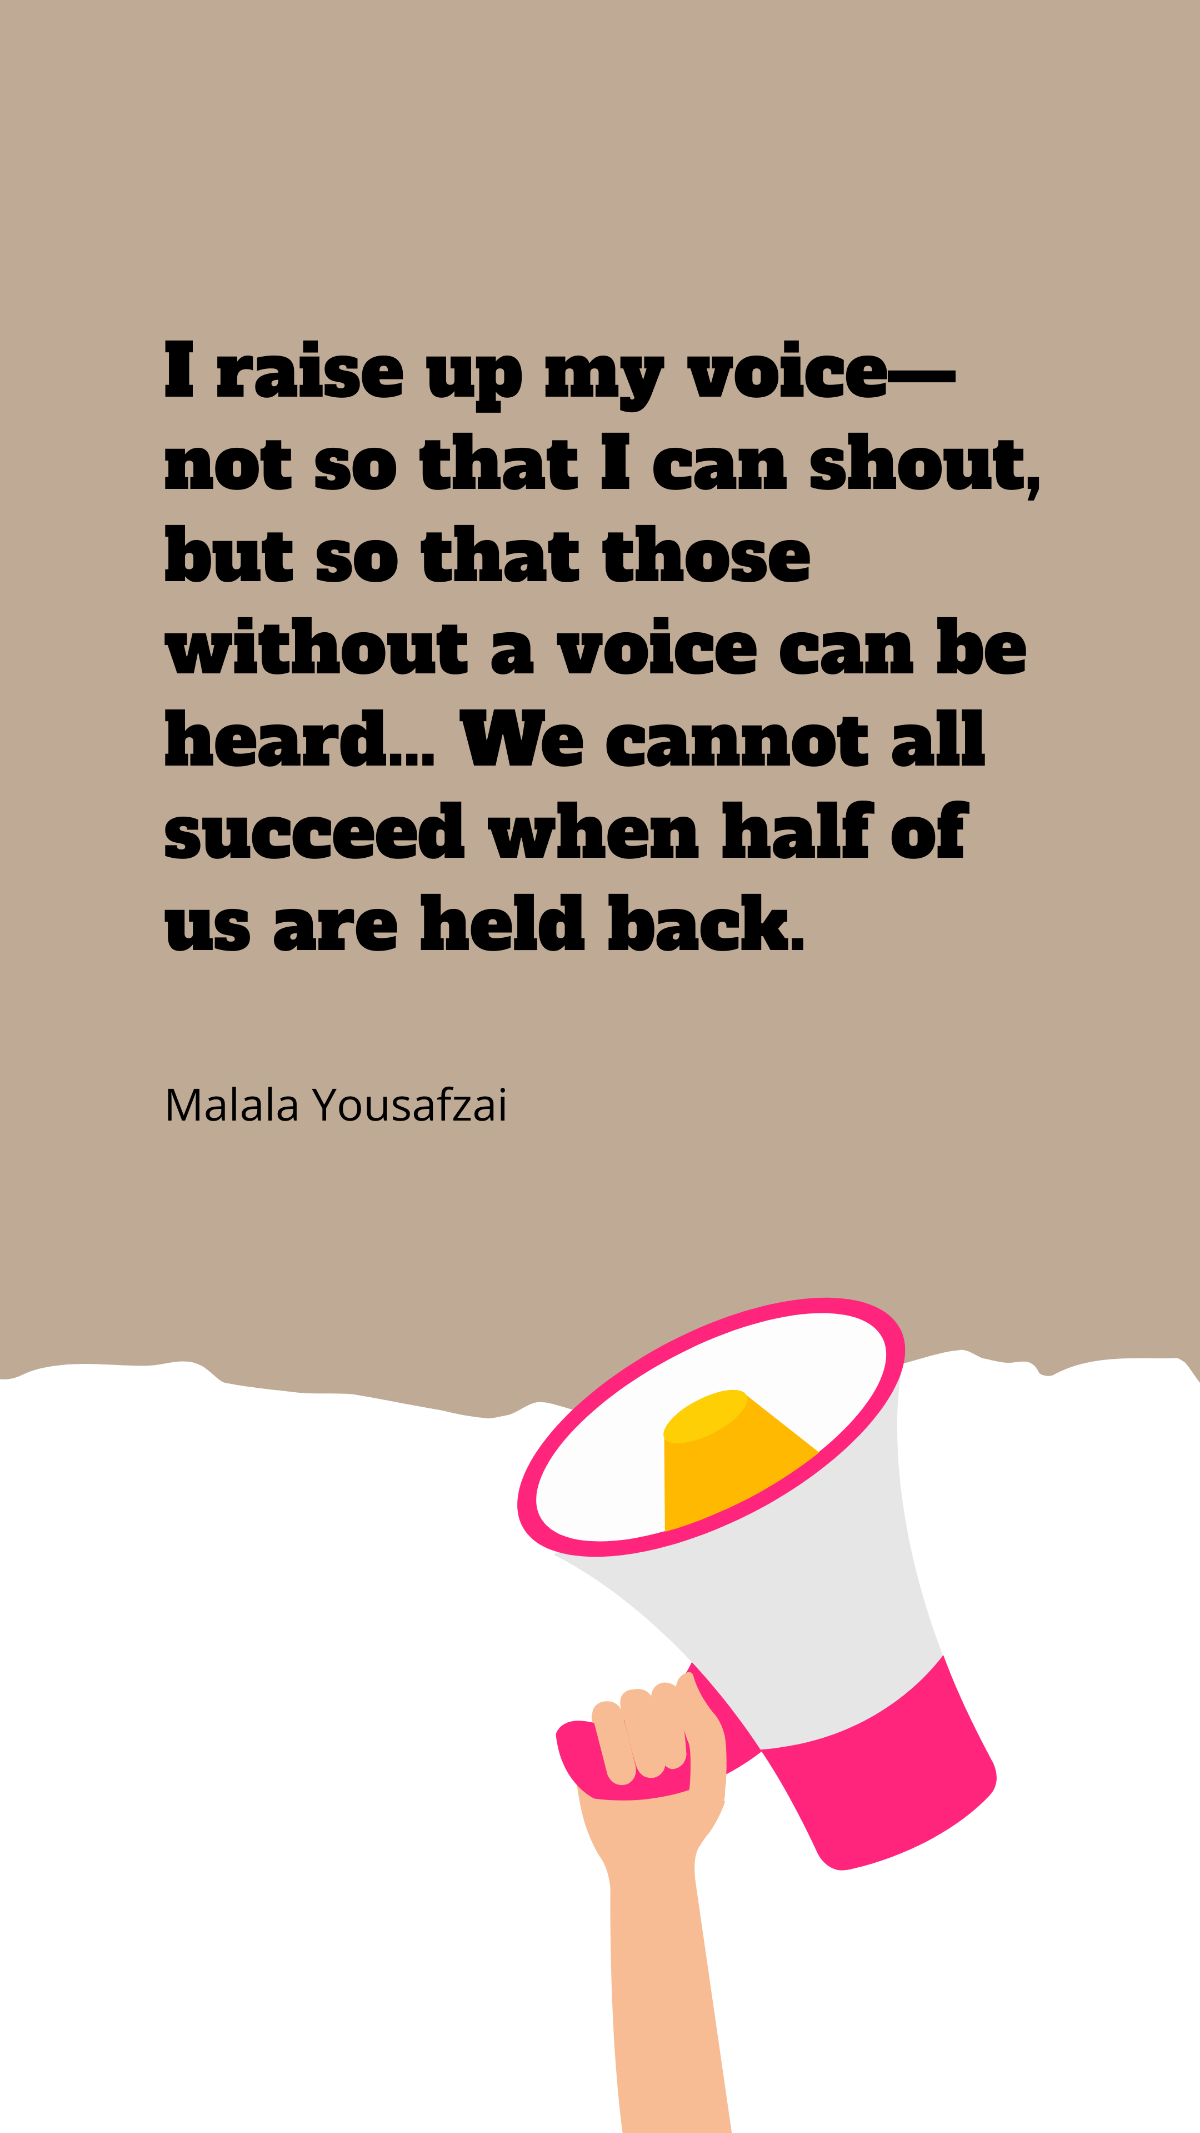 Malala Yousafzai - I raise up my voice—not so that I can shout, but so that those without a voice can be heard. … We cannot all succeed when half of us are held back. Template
...
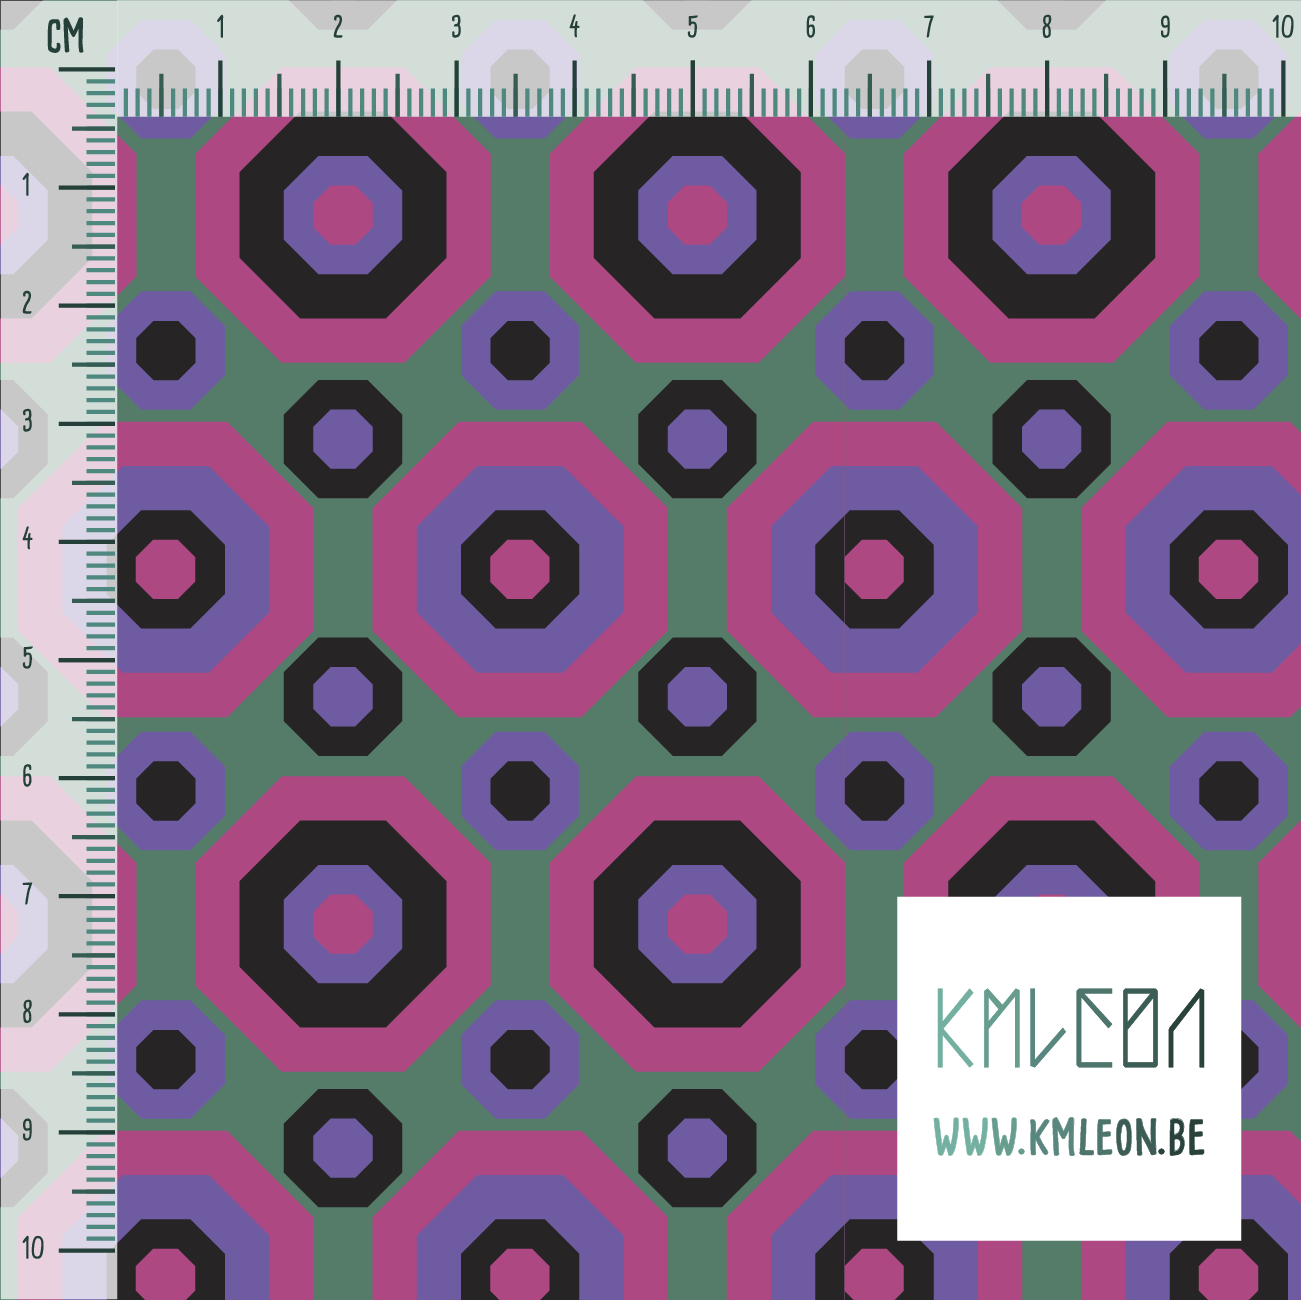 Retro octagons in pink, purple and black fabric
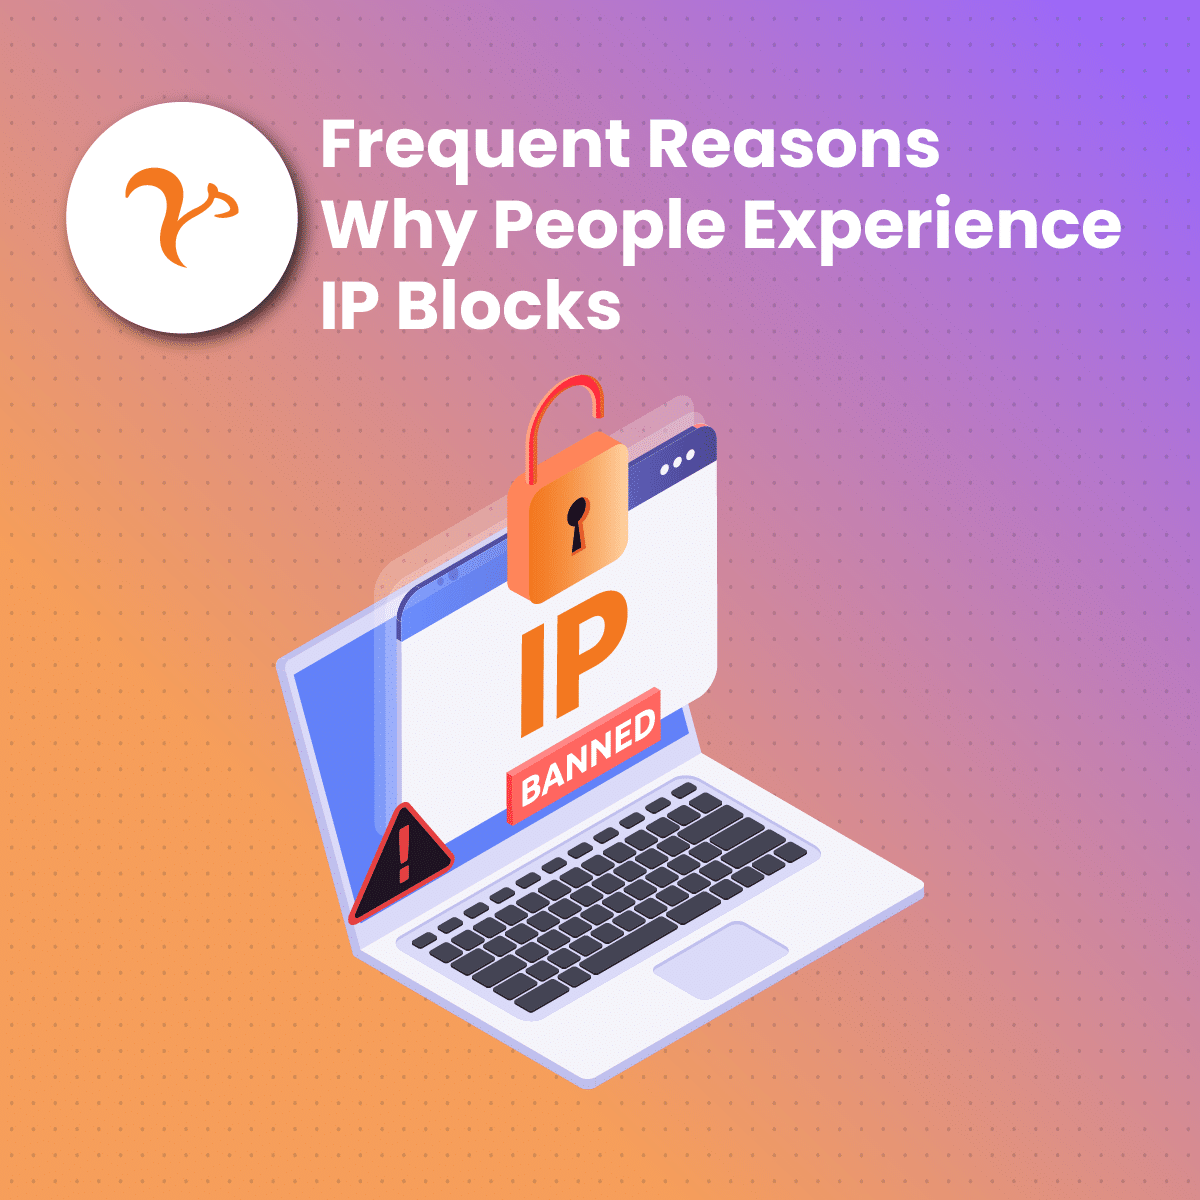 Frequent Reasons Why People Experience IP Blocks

Task to carry out ->
Pictures do not belong in the answer. Return the lines above starting at the one with "Retro octagons in" and ending at the one with "Frequent Reasons Why", both kept, exactly.

Response area ->
 Retro octagons in pink, purple and black fabric
 Frequent Reasons Why People Experience IP Blocks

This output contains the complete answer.